- Given records:
*****

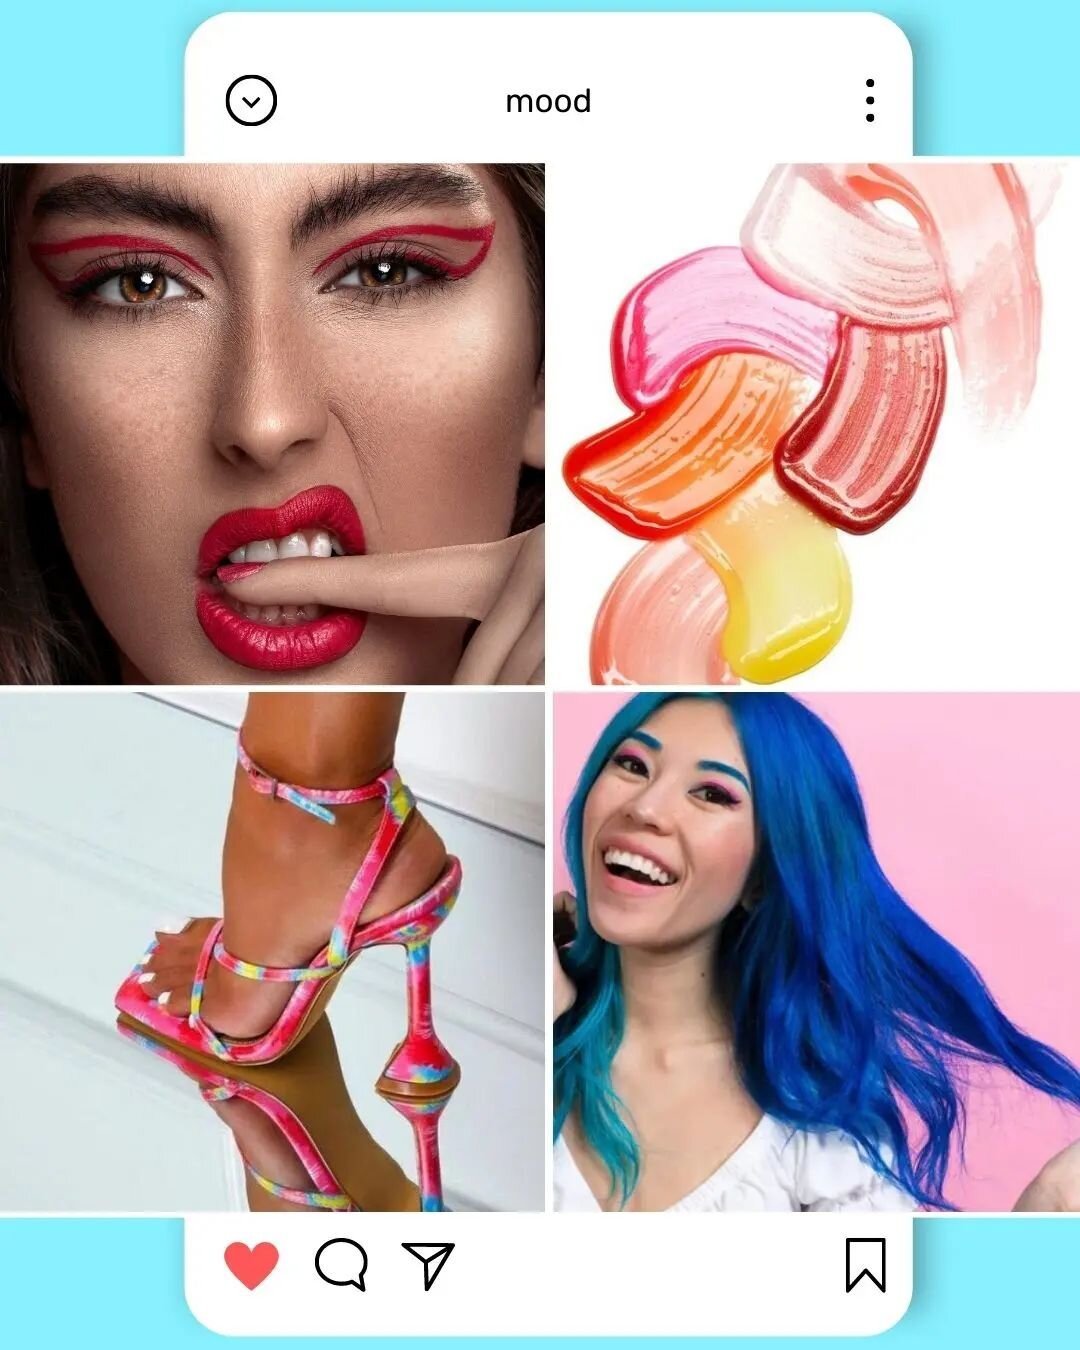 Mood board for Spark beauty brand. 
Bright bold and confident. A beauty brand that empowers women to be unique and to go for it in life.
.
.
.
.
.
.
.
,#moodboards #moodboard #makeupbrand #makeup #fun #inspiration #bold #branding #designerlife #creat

*****

- What you have to do: Only the lines holding the string "bold" are needed; copy each of them from the material above.

- Reply to the exercise:
Bright bold and confident. A beauty brand that empowers women to be unique and to go for it in life.
,#moodboards #moodboard #makeupbrand #makeup #fun #inspiration #bold #branding #designerlife #creat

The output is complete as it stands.